Machine learning for malware classification shows encouraging results, but
real deployments suffer from performance degradation as malware authors adapt
their techniques to evade detection. This phenomenon, known as concept drift,
occurs as new malware examples evolve and become less and less like the
original training examples. One promising method to cope with concept drift is
classification with rejection in which examples that are likely to be
misclassified are instead quarantined until they can be expertly analyzed.
We propose TRANSCENDENT, a rejection framework built on Transcend, a recently
proposed strategy based on conformal prediction theory. In particular, we
provide a formal treatment of Transcend, enabling us to refine conformal
evaluation theory -- its underlying statistical engine -- and gain a better
understanding of the theoretical reasons for its effectiveness. In the process,
we develop two additional conformal evaluators that match or surpass the
performance of the original while significantly decreasing the computational
overhead. We evaluate TRANSCENDENT on a malware dataset spanning 5 years that
removes sources of experimental bias present in the original evaluation.

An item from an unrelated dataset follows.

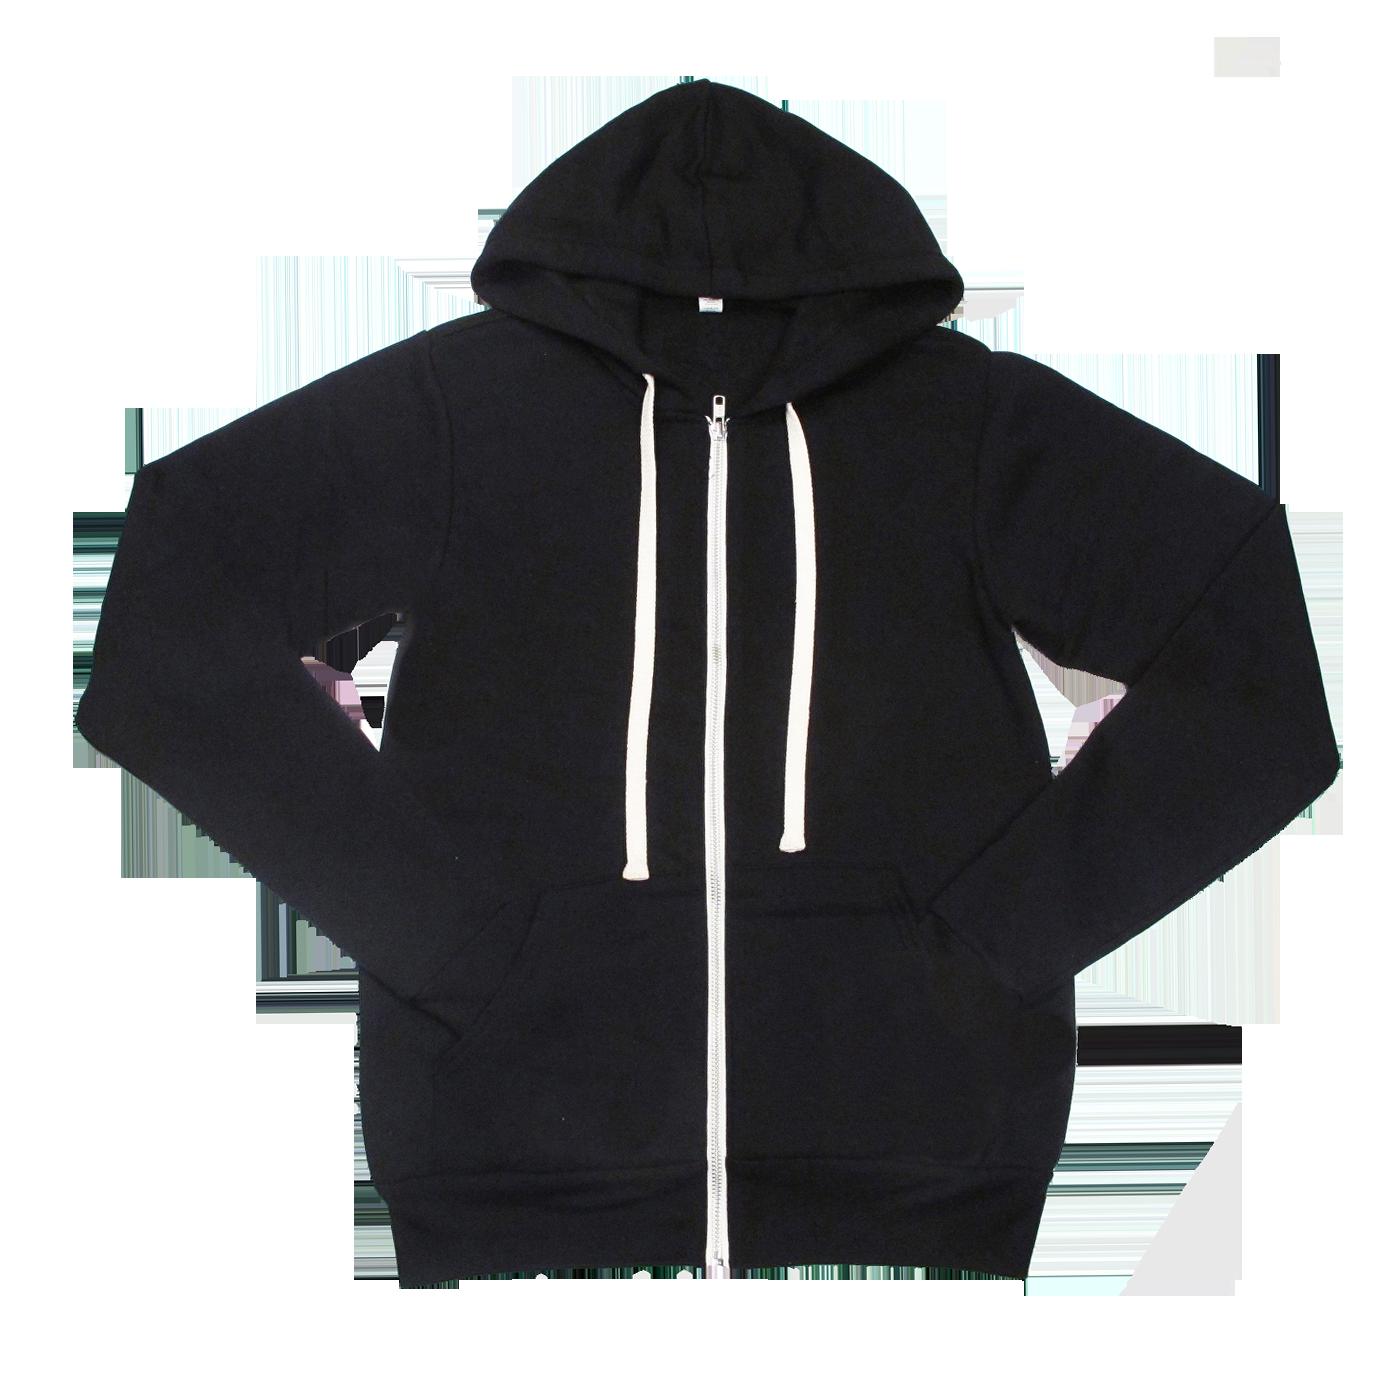 Black Unisex Tri Blend Zip Up

TRANSCENDENT outperforms state-of-the-art approaches while generalizing across
different malware domains and classifiers.
To further assist practitioners, we determine the optimal operational
settings for a TRANSCENDENT deployment and show how it can be applied to many
popular learning algorithms. These insights support both old and new empirical
findings, making Transcend a sound and practical solution for the first time.
To this end, we release TRANSCENDENT as open source, to aid the adoption of
rejection strategies by the security community.